Stop assisted suicide. Stop SBs 678–81.
The proposed legislation does not include a requirement for doctors or medical professionals to be with patients when they commit suicide, begging the question whether the drugs were knowingly and voluntarily ingested by the patient/individual.
In the Netherlands, where assisted suicide is legal, hundreds of people die without consent each year. Here in the U.S., data from the state of Oregon—where suicide laws have been on the books for 25 years—suggest physicians are becoming increasingly removed from patient decision-making.
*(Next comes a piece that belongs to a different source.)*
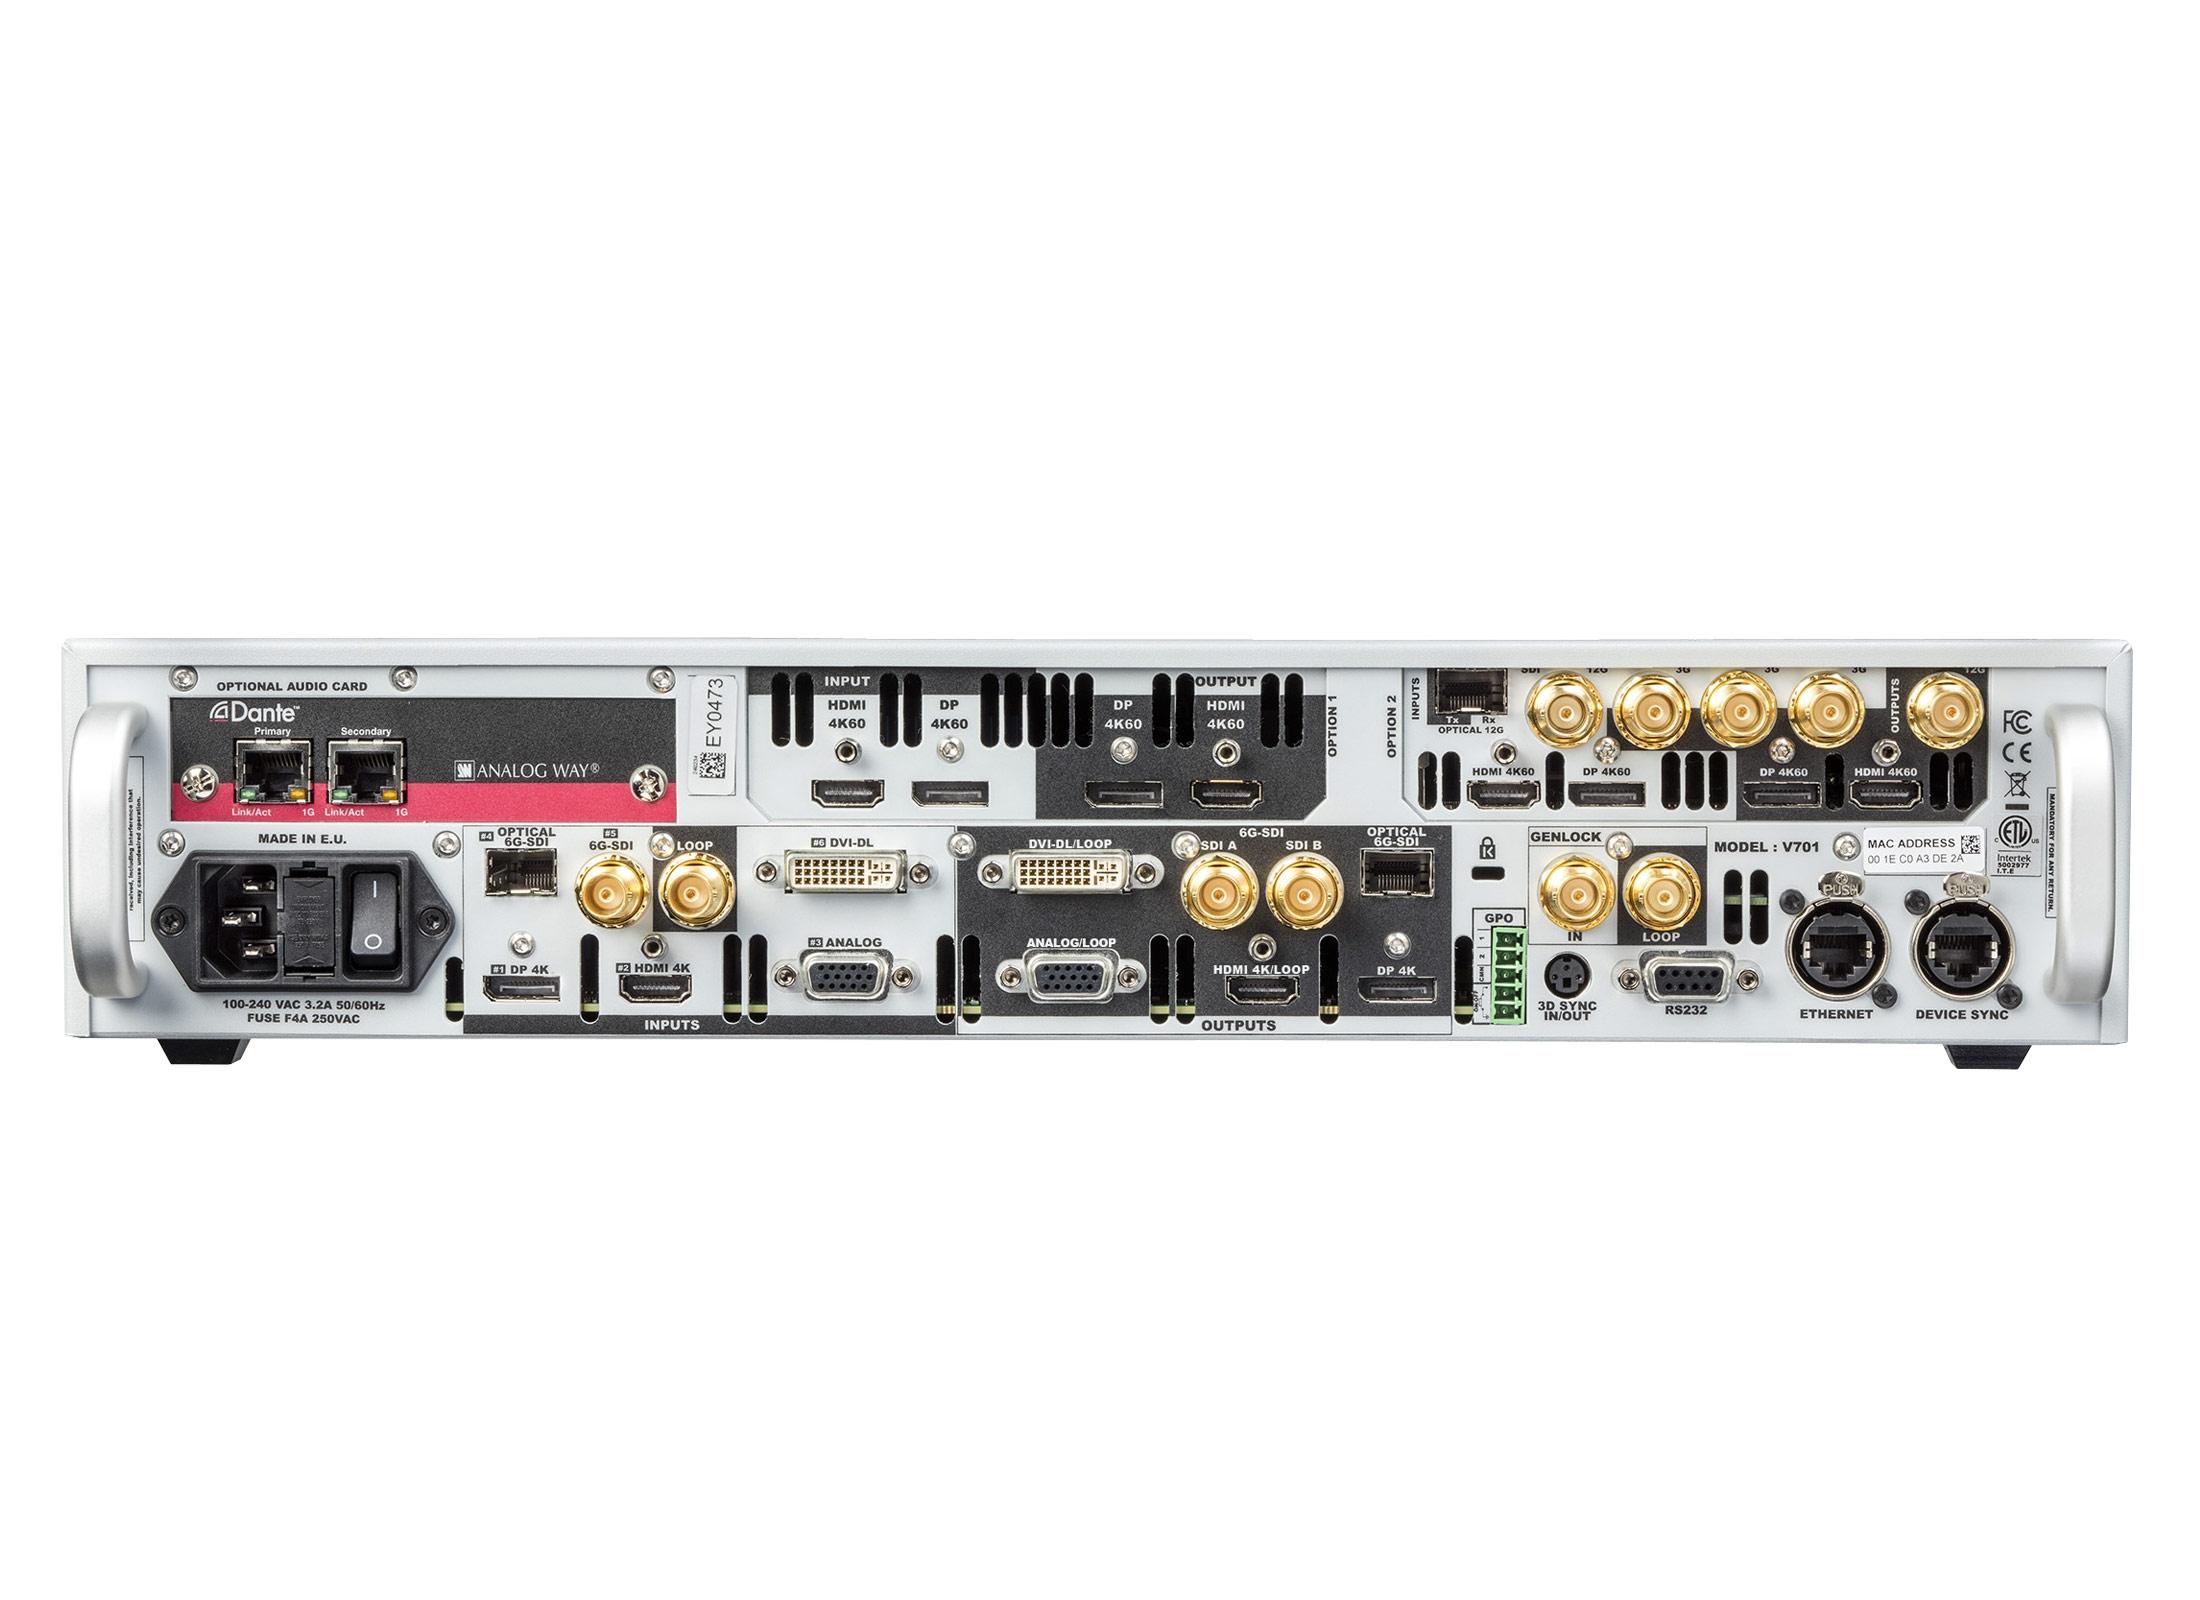 Analog Way Vio 4k V701 Video Processing Tool Box Set Gnstig Online 3 Switch 2

In other states and nations that have passed laws encouraging assisted suicide, additional legislative action has promoted suicide among those with physical disabilities and mental illness.
Once policymakers begin allowing suicide, the laws are quickly expanded to include people with non-life-threatening conditions, many of which are treatable.
The Michigan Senate bills permit health insurance companies to begin refusing coverage of lifesaving or palliative treatment in favor of the much cheaper alternative – a deadly assisted suicide prescription.
The projected cost savings between lifesaving drugs and assisted suicide drugs range from $33.2 million to $124.3 million annually.
Despite the heightened threat to those suffering from mental illness, the Senate bills do not require patients preparing to commit suicide to undergo a psychiatric evaluation before ending their lives.
The bills could permit depressed individuals to obtain lethal drugs without undergoing necessary assessment or treatment. This is a disastrous outcome for the people of Michigan.